To connect to Kafka over SASL_SSL, Apache NiFi requires that a Truststore be created and the IBM Event Stream certificates be included. The Truststore is used by NiFi to verify the the ssl connection. While not required to communicate with IBM Event Streams, it is good to create a Keystore to secure Apache NiFi and enable authentication of users to the UI. This is also required to enable communication between nodes of an Apache NiFi cluster. 

Apache NiFi includes the TLS Toolkit utility to help with generating the Keystore and Truststore. The following command can be used for a standalone server with hostnames *.nifi.svc.cluster.local and your desired Truststore and Keystore passwords.

/opt/nifi/nifi-toolkit-current/bin/tls-toolkit.sh standalone -n *.nifi.svc.cluster.local -f /opt/nifi/nifi-current/conf/nifi.properties --trustStorePassword "securePasswordOne" --keyStorePassword "securePasswordTwo" || true && \
Scroll to view full table

The openssl and keytool command-line utility can be used to download the Event Streams certificate and then import it into the truststore.jk. The hostname for Event Streams can be obtained in Step 1 when creating the credentials. The <<nifi service – namespace>> is what was specified when deploying Apache NiFi. Be sure to use your Keystore password that was used in the tls-toolkit command to setup your stores.

openssl s_client -connect broker-2-<<hostname>>.eventstreams.cloud.ibm.com:9093 -servername broker-2-<<hostname>>.eventstreams.cloud.ibm.com </dev/null \
        | sed -ne '/-BEGIN CERTIFICATE-/,/-END CERTIFICATE-/p' > broker-2.cert && \
    keytool -import -noprompt -trustcacerts \
        -alias kafka-broker -file broker-2.cert \
        -keystore /opt/nifi/nifi-current/\*.<<nifi service - namespace>>.svc.cluster.local/truststore.jks -storepass "securePasswordTwo"
Scroll to view full table

For Deployment, a custom Docker image can be created from the base NiFi Docker image with the configured Keystore and Truststore. 

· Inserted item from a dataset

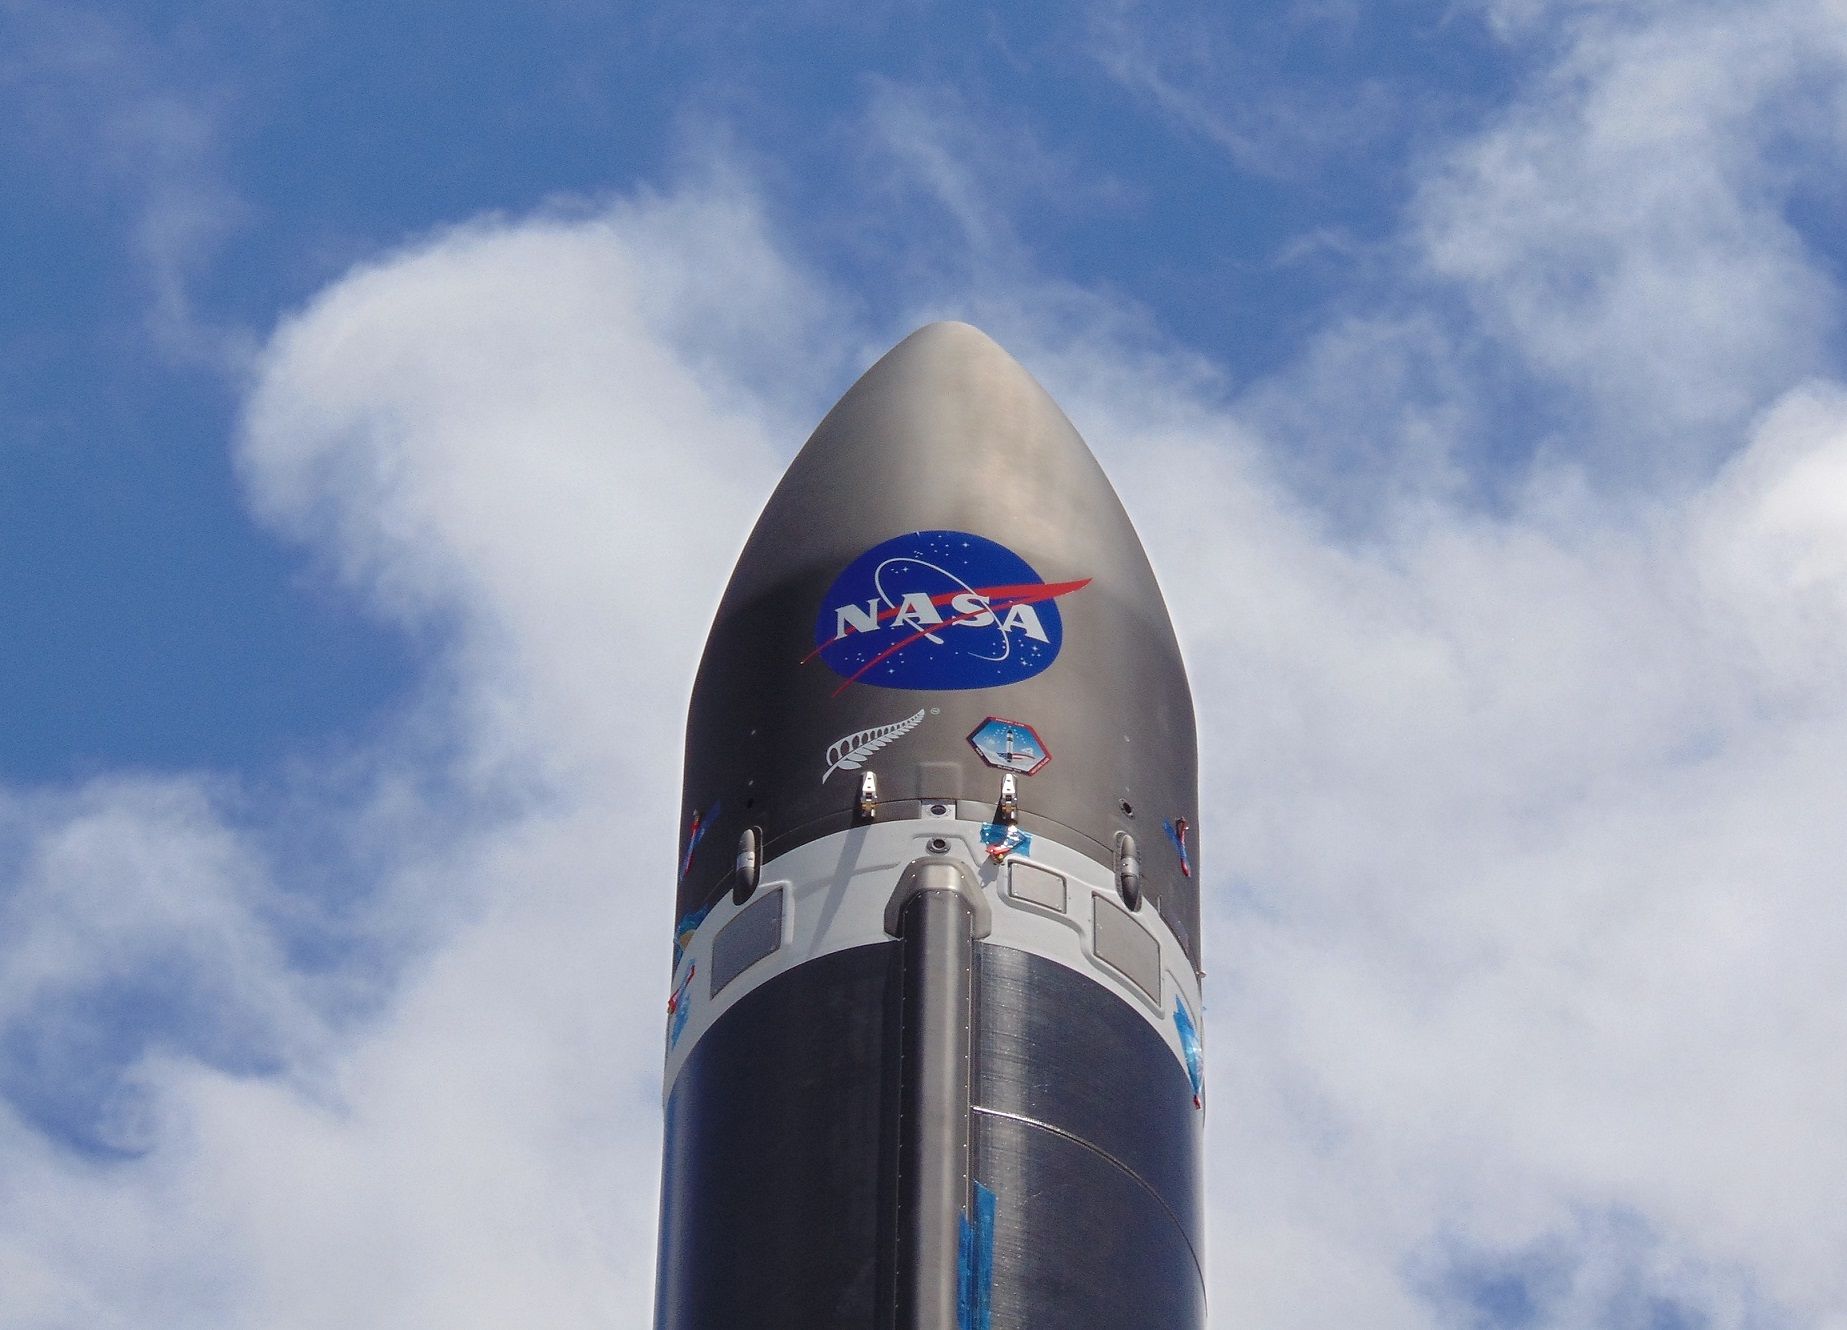 A NASA logo above a hypothetical VADR rocket design.

3. Configure an Apache NiFi Kafka consumer or producer

Apache NiFi should now have what it needs to connect to IBM Event Streams. To start consuming or publishing events, add a ConsumeKafkaRecord or PublishKafkaRecord NiFi processor and change the following configurations.

  1. Enter the comma separated list of Kafka Brokers from Step 1.
  2. Enter your Topic Name(s) for the topics that you want to consume from or publish to.
  3. Select and configure a Record Reader and Record Writer.
  4. Choose SASL_SSL as the Security Protocol.
  5. Enter the Username and Password retrieved from Step 1.
  6. Choose a Group ID.
  7. Create a new SSL Context Service.

Once complete, click the arrow next to your SSL Context Service to go to the controllers page and start to configure your SSL Context Service.

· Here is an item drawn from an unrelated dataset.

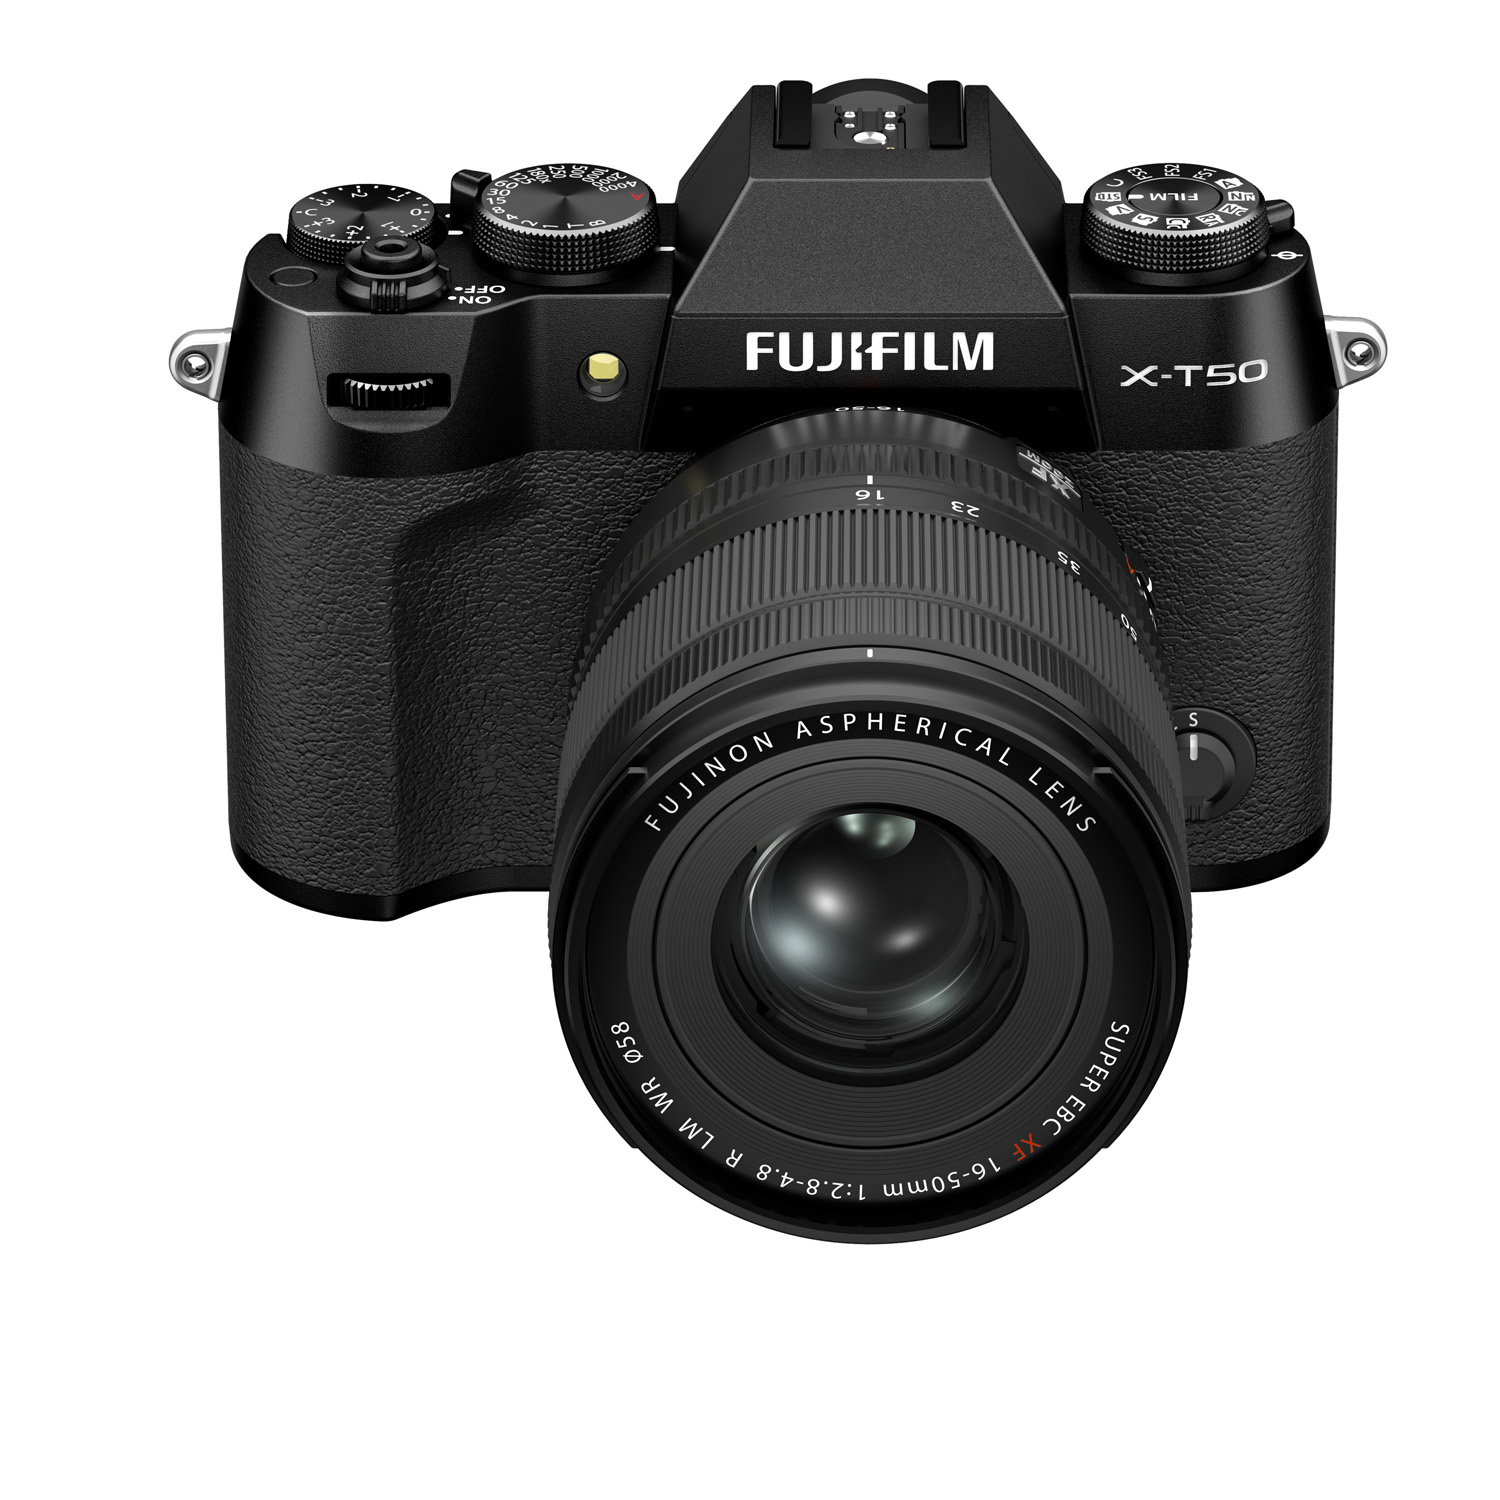 Снимок камеры Fujifilm X-T50 на белом фоне, вид спереди

4. Configure the connected SSLContextService

The SSL Context Service is what connects your Truststore and Keystore to Apache NiFi. Enter in the configurations to specify where the Keystore and Truststore filenames are located as well as their corresponding passwords. The image below shows example configurations to configure the SSLContextService:

Once complete, enable your SSL Context Service and the Kafka Nifi Processor, and you should now be able to connect to Event Streams and publish or consume event data in Apache Nifi.

Next steps

With Apache Nifi connected to IBM Event Streams, you can now concentrate on creating ETL processes for your Event Streams data. Once that is complete, you might consider storing your results in one of the many managed databases in IBM Cloud so it can be consumed by your application. Alternatively, you might consider sending your data to IBM streams or a cloud function to create a machine learning pipeline or other more computationally intensive processing. 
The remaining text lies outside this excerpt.